Information additionnelle

Qu’est-ce que la maladie de Parkinson? (Partie 1 de La maladie de Parkinson est-elle génétique?)

La maladie de Parkinson ou MP est le résultat de la perte lente et progressive des cellules nerveuses. Les symptômes caractéristiques sont l’akinésie (réduction ou perte de mouvement volontaire), la rigueur et les tremblements. Actuellement, il n’existe aucun remède pour cette maladie dégénérative du système nerveux, bien que les symptômes soient traitables.

La maladie de Parkinson est caractérisée par la perte prédominante de neurones producteurs de dopamine (cellules cérébrales) dans la région de la substance noire du cerveau. L’absence du neurotransmetteur dopamine conduit finalement à une réduction de l’effet activateur des noyaux gris centraux sur le cortex cérébral et donc à des troubles du mouvement notables.

Cerveau non-parkinsonien et parkinsonien
La maladie de Parkinson est associée à la perte de dopamine dans la substance noire. Wikipédia . CC Attribution 3.0 non transférée

Il existe un certain nombre de classifications de la maladie de Parkinson basées sur l’origine et la progression de la maladie. Ces catégories comprennent:

  • Syndrome de Parkinson idiopathique (IPS) (le plus fréquent)
  • Syndrome de Parkinson familial (formes génétiques, héréditaires, rares, nommés d’après le locus du gène respectif (c.-à-d. PARK1)
  • Syndromes de Parkinson symptomatiques (secondaires)
  • Médicamenteux (c.-à-d. Neuroleptiques avec antagonisme dopaminergique)
  • Parkinsonisme vasculaire, comme dans la microangiopathie cérébrale (maladie de Binswanger)
  • Post-traumatique (c.-à-d. Encéphalopathie du boxeur)
  • Induit par la toxine (c.-à-d. Monoxyde de carbone, manganèse, MPTP)
  • Inflammatoire (p. Ex., Après l’encéphalite léthargique, également dans les maladies cérébrales diffuses liées à des agents pathogènes telles que l’encéphalopathie VIH avancée)
  • Métabolique (maladie de Wilson)
  • Syndromes parkinsoniens dans le cadre d’autres maladies neurodégénératives (syndromes parkinsoniens atypiques)
  • Atrophie multisystémique
  • Paralysie du regard supranucléaire progressive
  • Dégénérescence corticobasale
  • Démence à corps de Lewy

Épidémiologie

Selon le Fondation Parkinson , la maladie touche plus de 10 millions de personnes dans le monde. Selon leurs projections, près d’un million de personnes vivront avec la maladie de Parkinson aux États-Unis d’ici 2020, ce qui est plus que le nombre combiné de personnes diagnostiquées. sclérose en plaque , dystrophie musculaire et Maladie de Lou Gehrig (ou sclérose latérale amyotrophique).

Environ 60 000 Américains reçoivent un diagnostic de MP chaque année.

Une carte des décès dus à la maladie en 2012
Décès dus à la maladie de Parkinson en 2012 par million de personnes. Statistiques de l’OMS. Wikipédia . CC Attribution-Share Alike 4.0 International .

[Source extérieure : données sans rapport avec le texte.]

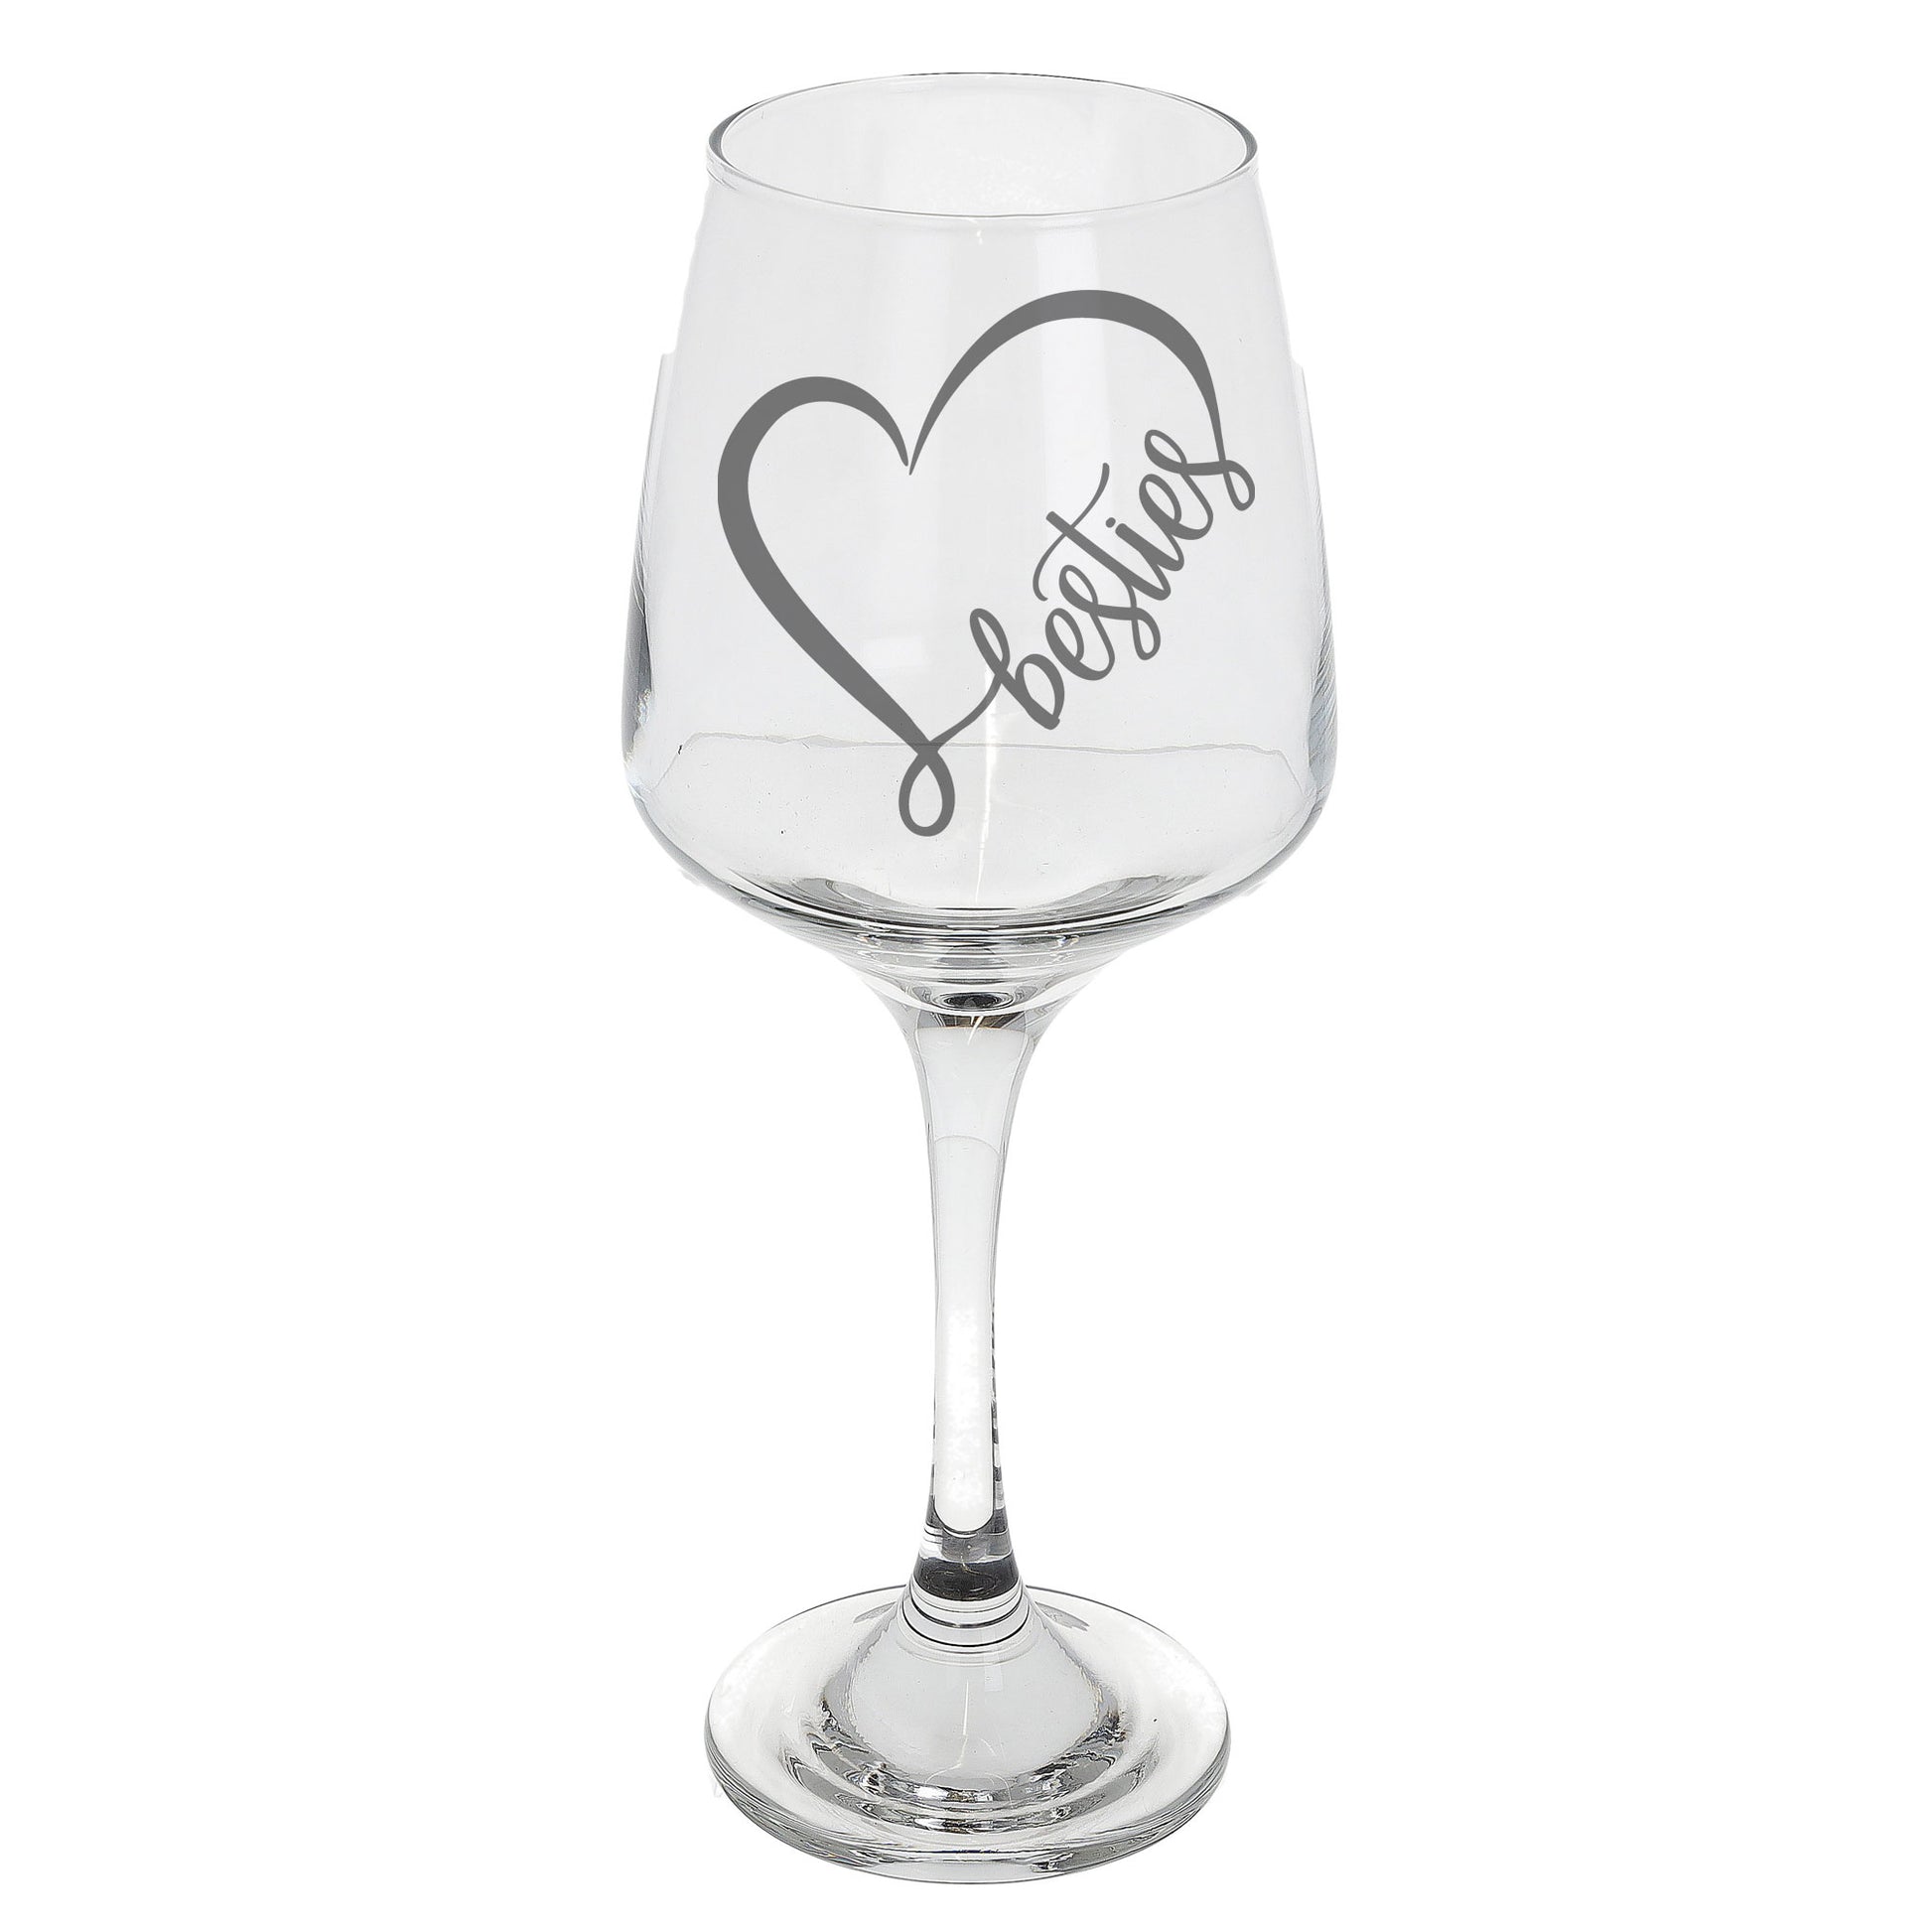 Besties Engraved Wine Glass and/or Coaster Set  - Always Looking Good - Wine Glass Only  
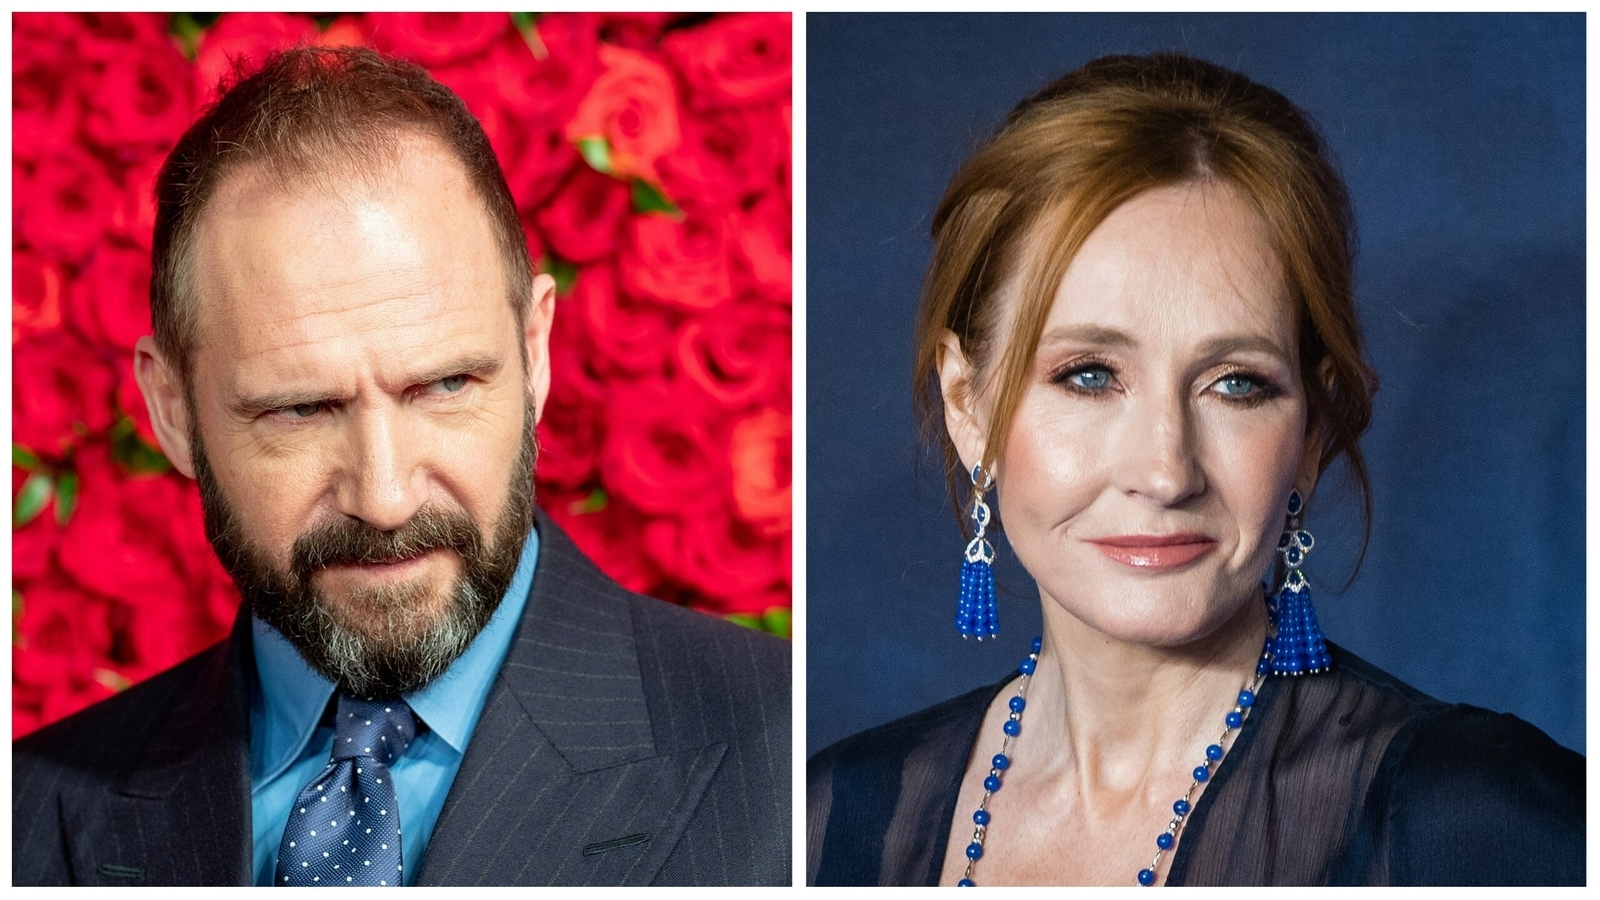 Harry Potter’s Voldemort Ralph Fiennes defends JK Rowling’s stance on trans people: I understand where she’s coming from

L’incidence de la maladie de Parkinson augmente avec l’âge, mais on estime que quatre pour cent des personnes atteintes de la maladie de Parkinson sont diagnostiquées avant l’âge de 50 ans. Les hommes sont 1,5 fois plus susceptibles d’être atteints de la maladie de Parkinson que les femmes.

Symptômes (partie 3 de La maladie de Parkinson est-elle génétique?)

La maladie commence progressivement et progresse tout au long de la vie. Les symptômes s’aggravent à mesure que la maladie progresse et sont donc plus facilement reconnaissables. La forme la plus courante de la maladie de Parkinson commence généralement unilatéralement, dans un côté du corps. Il n’est donc pas rare que des douleurs à l’épaule et des tensions musculaires unilatérales surviennent, incitant le patient à consulter d’abord un orthopédiste.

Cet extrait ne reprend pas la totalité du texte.